*** Data extract ***

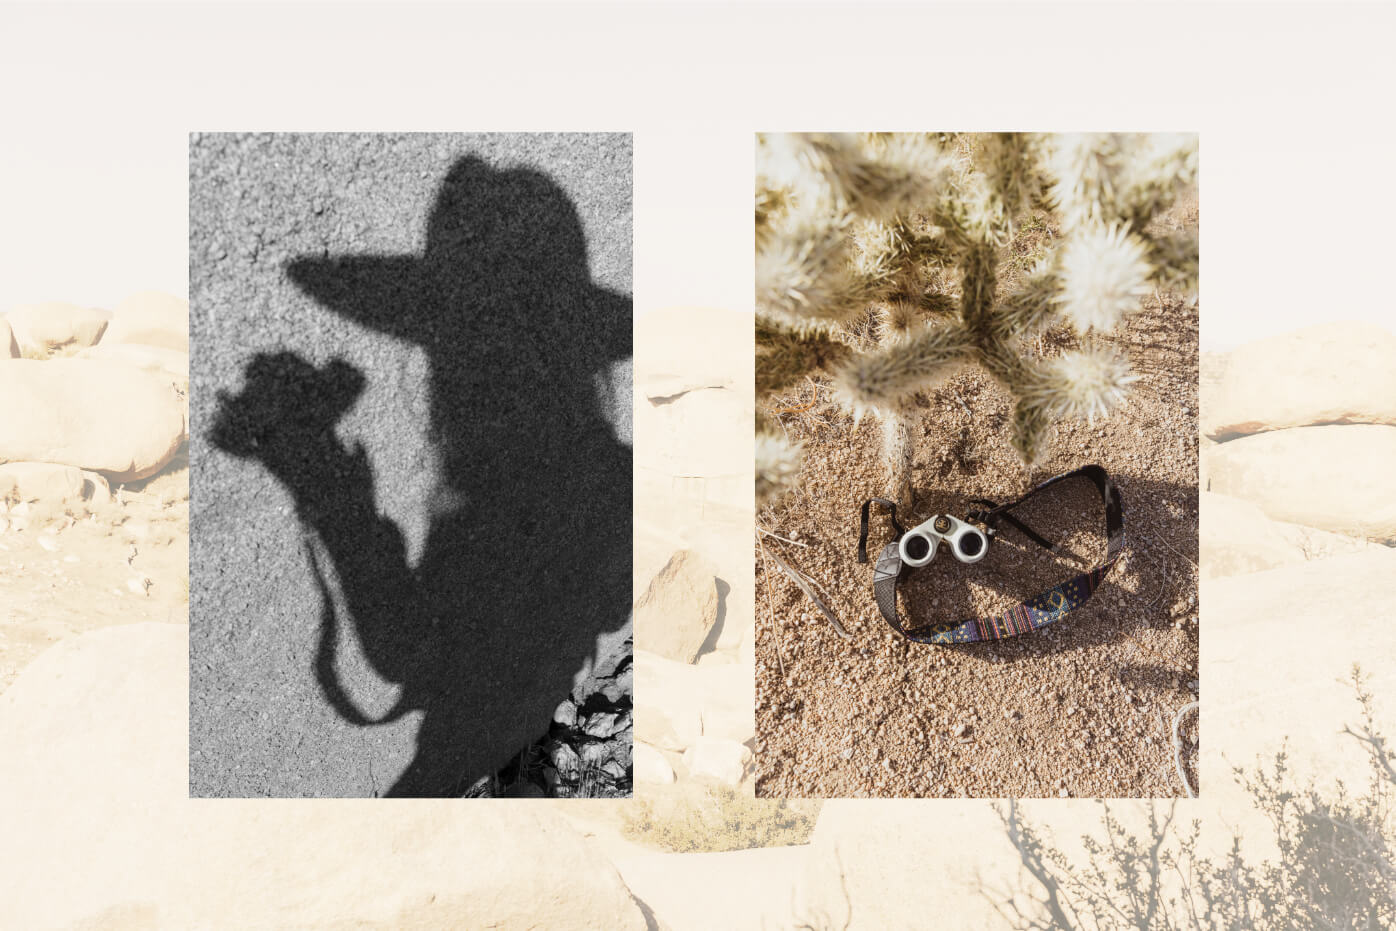 artistic image of Johnie Gall silhouette shadow, and Nocs near a cactus
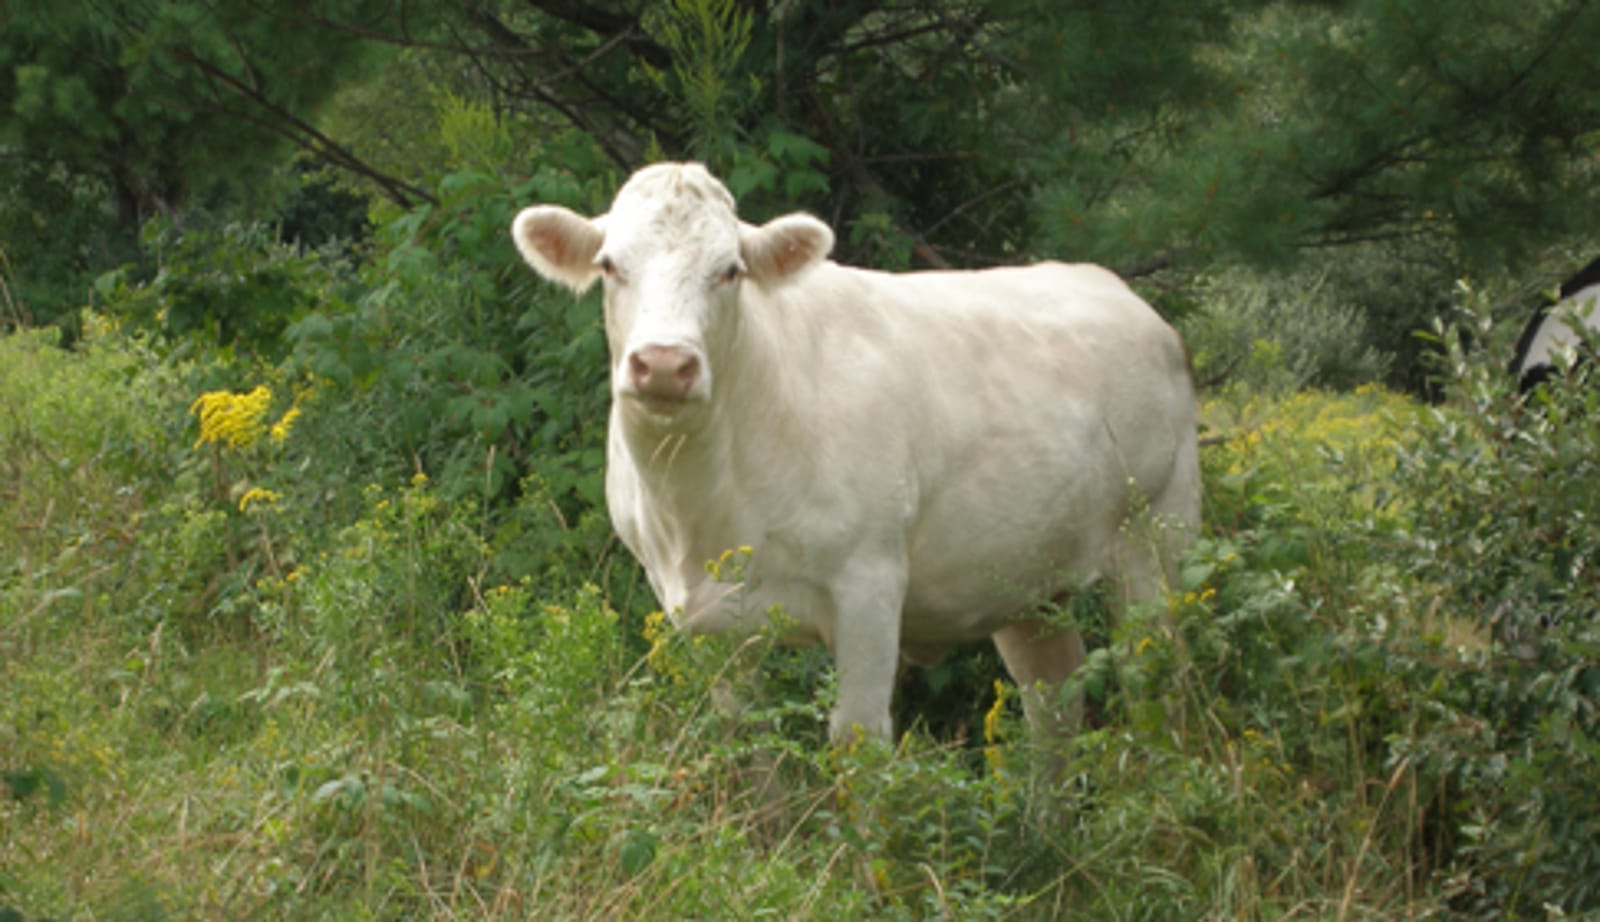 Remembering Cincinnati Freedom: The Legendary Cow Who Escaped a Slaughterhouse
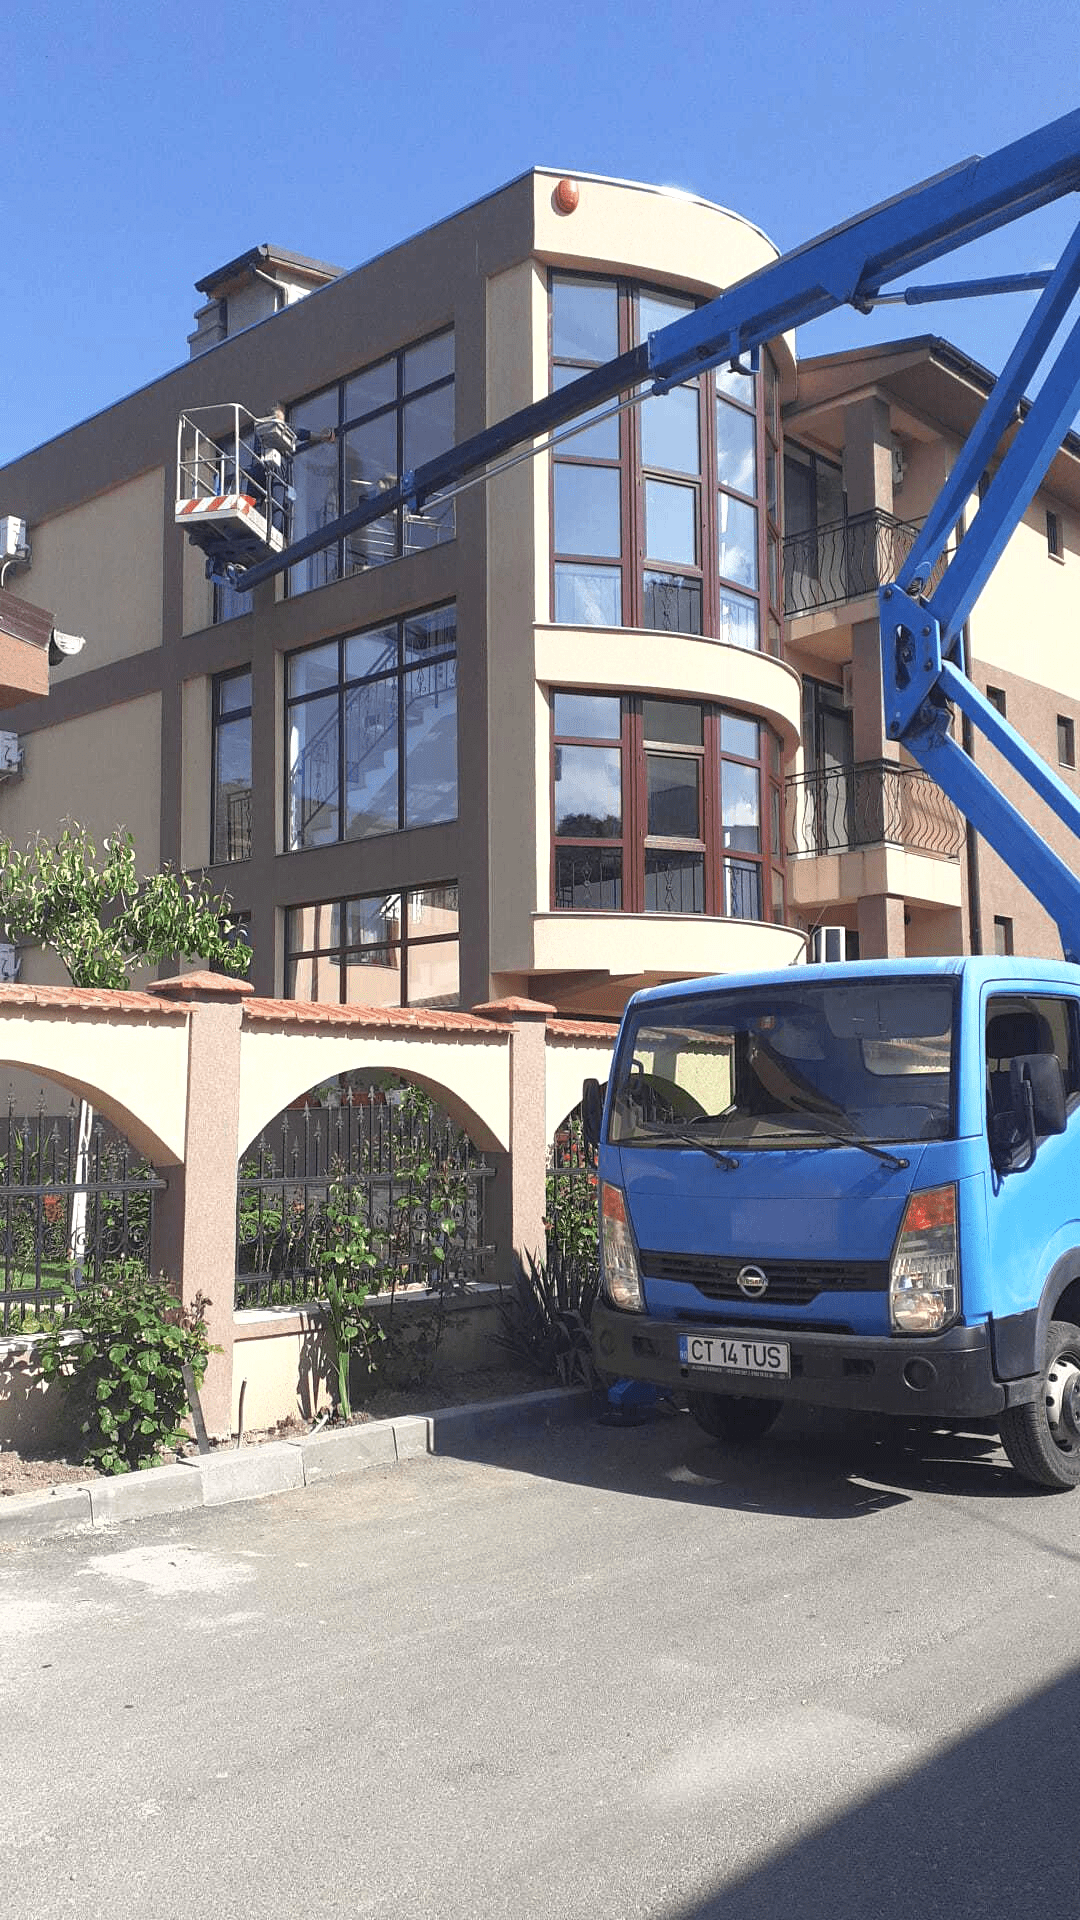 Window cleaning at heights using a truck-mounted boom lift

*** End of Data extract ***

Instructions for the task: Strip out the pictures and reproduce the remaining material above exactly.

Exercise answer:
 artistic image of Johnie Gall silhouette shadow, and Nocs near a cactus
 Remembering Cincinnati Freedom: The Legendary Cow Who Escaped a Slaughterhouse
 Window cleaning at heights using a truck-mounted boom lift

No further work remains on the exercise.